I think we're missing a trick here..
I like the idea of a Williams smartphone.. how about an AtariPhone tool with a faux wood finish?
Motorola, or at least the Mobility bit of it owned by Google, has a new logo with a different font and a rainbow circle: but it's too late to help some distressed pinball machine fanatics who've been crying inside for many years. I should explain that I have a very personal relationship with the Motorola logo - and with …
With the passing of years I go out less and less. But the few times I do I still miss dropping a few coins into one of those wonderful machines. The very few pinballs I've spotted since 2005 or so are so poorly designed and built that you don't want to play on them.
One of the things I respect about my former employer Motorola for is how little they messed with the logo over the last 75 years. When I was there around 2002 there was a big push to appeal to the teen market. To move away from the brand that made car and police radios.
The mantra was "not my father's Motorola". The marketing genius, Geoffrey Frost identified much on mobile as the Next Big Thing (shame the software teams let him down), and initiated "Hello Moto".
He offered Jony Ive whatever he wanted to move to Motorola.
And through all this he didn't change the logo or font. I've met lots of very smart marketing people and Frost was head and shoulders above the lot.
Whenever a new 'hot-shot' marketing person starts at a company they do two things - mess with the logo and fire the advertising agency.

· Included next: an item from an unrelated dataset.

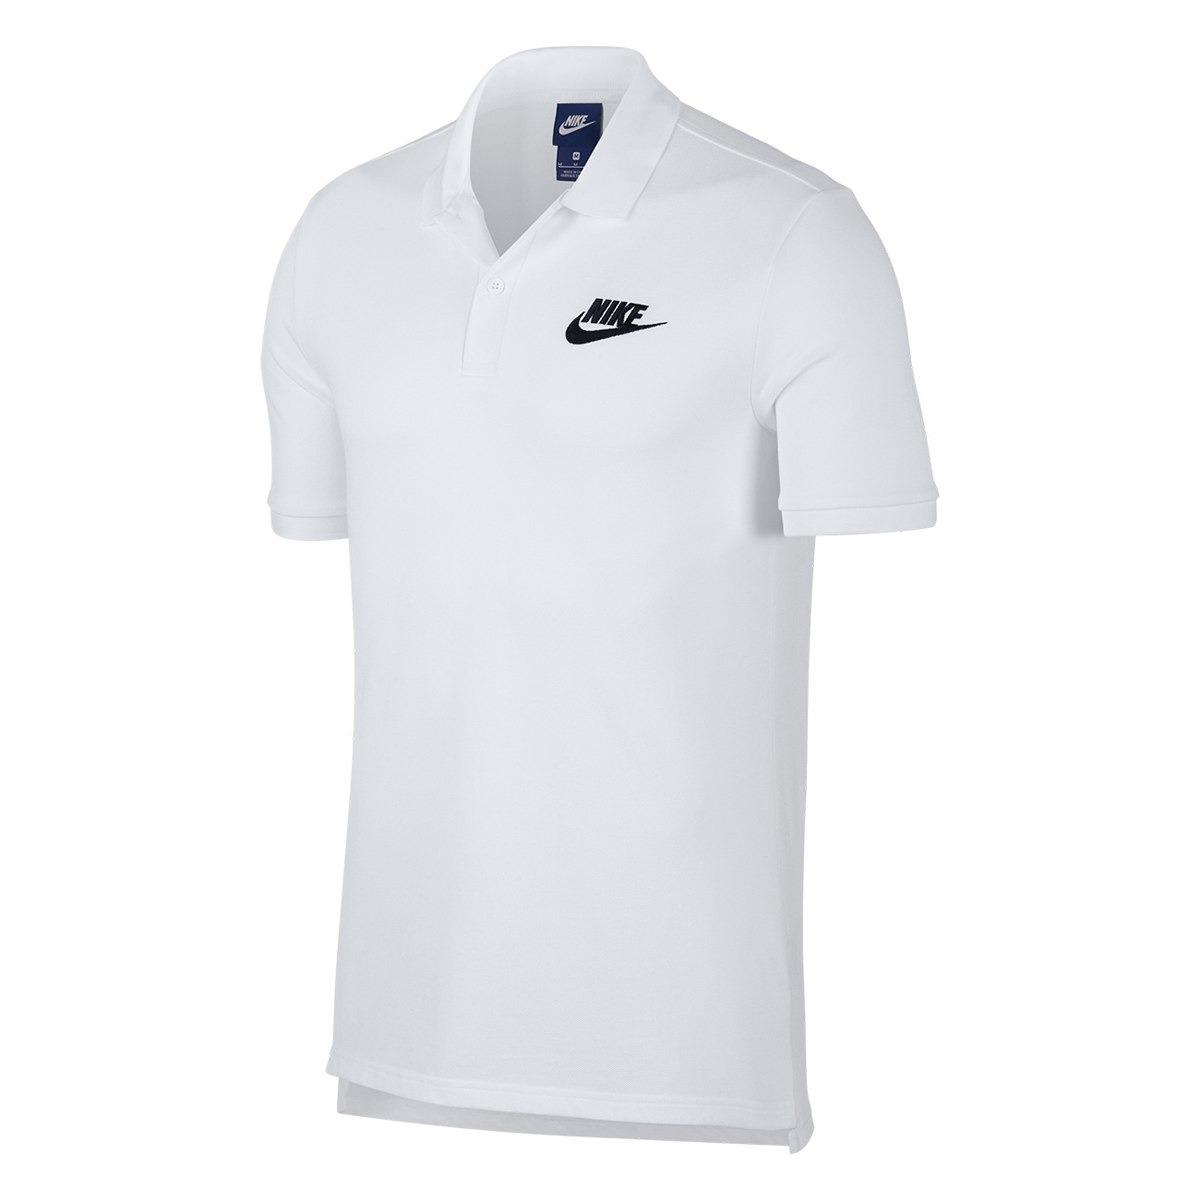 dcdfa3909 camisa polo nike original nsw matchup ss jsy masculina. Carregando zoom.

Soon after that they get fired.
I think the best thing that came out of Motorola around that time was look of the RZR. However, I know someone who had a SLVR, which I believe was the same as the RAZR but in candybar form and it was just horrible to use and had an awful screen. I believe Mike Z was to thank for that monstrosity. He of later Nortel fame.
Ben Heck is known to many of us as the man who creates game controllers for people with only one hand, or making XBOX 360 laptops... however, he was making his own pinball machine a while back.

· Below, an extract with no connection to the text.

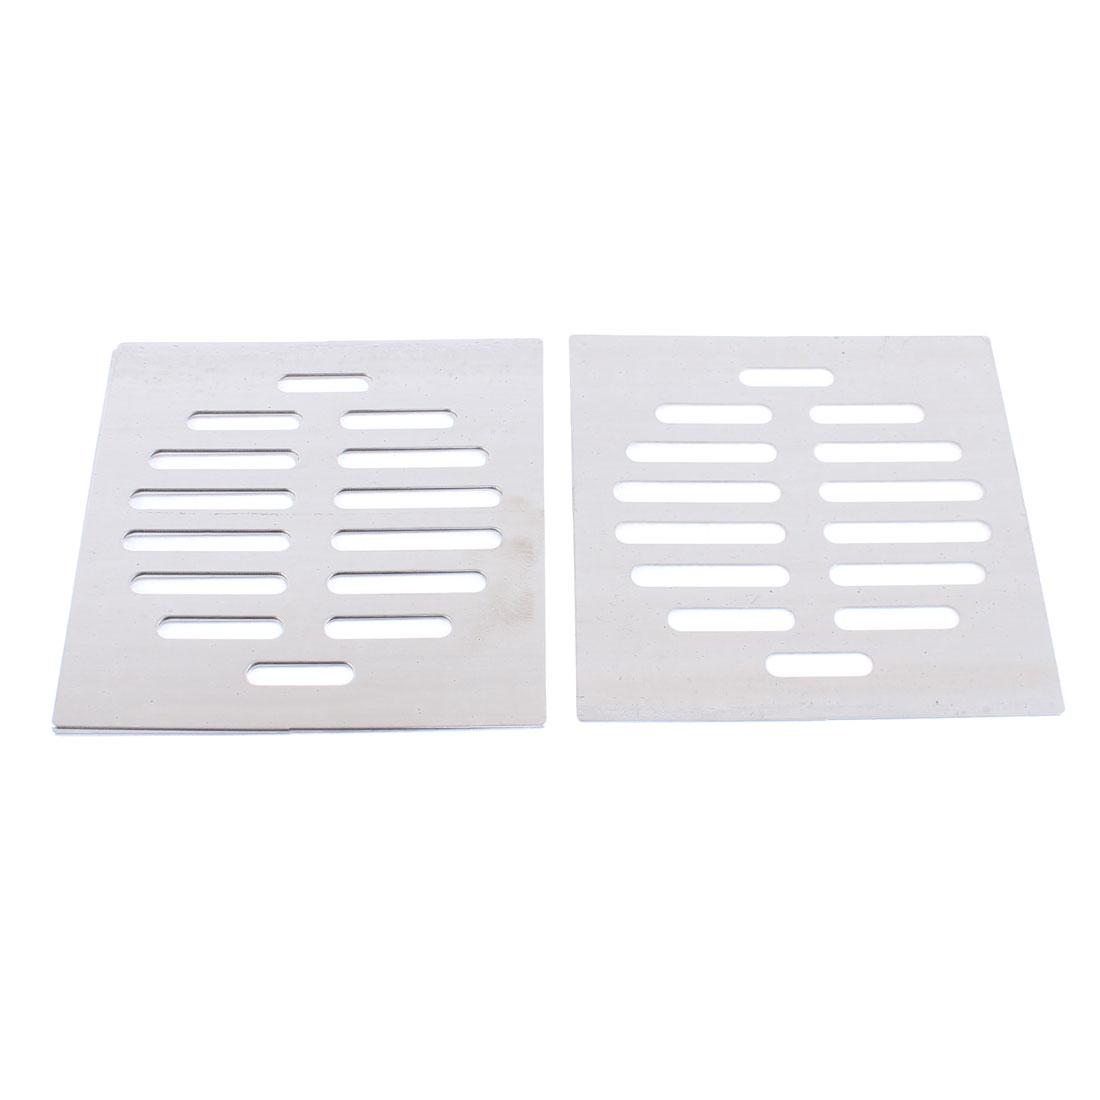 "Stainless Steel Kitchen Bathroom Square Floor Drain Cover 4.4"" 11.3cm 3pcs"

If you have a love of hardware hacking, take a look:
http://benheck.com/
His latest projects include a 3D-printed Spam-saver lid (the luncheon meat, not the unwanted email) and a PC keyboard with analogue WASD keys for gaming...

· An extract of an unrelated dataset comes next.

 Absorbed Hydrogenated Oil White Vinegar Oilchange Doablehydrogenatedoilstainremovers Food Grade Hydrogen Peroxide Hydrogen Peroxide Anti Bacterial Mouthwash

I still play Timeshock! - it was a pretty reasonable sim, and it wouldn't take much ingenuity (a few tilt switches, if you'll pardon the pun) to create a custom controller that responded to body language.
When I was a student, my addiction to Pinball made it to our Freshers welcome book, where they were advised to find me at the Pinball tables, if they needed help.
Also pinball has been in decline for years now, it's really hard to find the real thing in pubs any more. Searching BITE for pubs with pinball in london returns just 18 results, 2 of which are listed as CLOSED, I know the hole in the wall has had medieval madness for years but its completely knackered and unplayable.
http://www.beerintheevening.com/pubs/results.shtml?tc=london&pb=on
When I first started working my housemates and I bought a twilight zone pin between us, god I love that machine!
Not sure about the PC, but Atari (Coin-op) made a pair of Video Pinball machines with a decently-simulated "shooter" (IMHO) and a "nudge" switch in the (very slightly) movable control-panel. The first (Disco-themed, based on the Middle Earth playfield) was called simply "Video Pinball", and sold decently but not spectacularly. The second, "Solar War" (based on the Superman playfield) was ready for production at about the time as Asteroids, so was never sold (although I heard a rumor that 300+ "kits" of electronics were sold to a Greek distributor). Having played both, I can say that the "feel", while not really up to the full mechanical experience, is miles ahead of a console or PC game, and the one I have (sadly, with broken nudge switch) is still running. Unlike my two previous "real" pinball machines.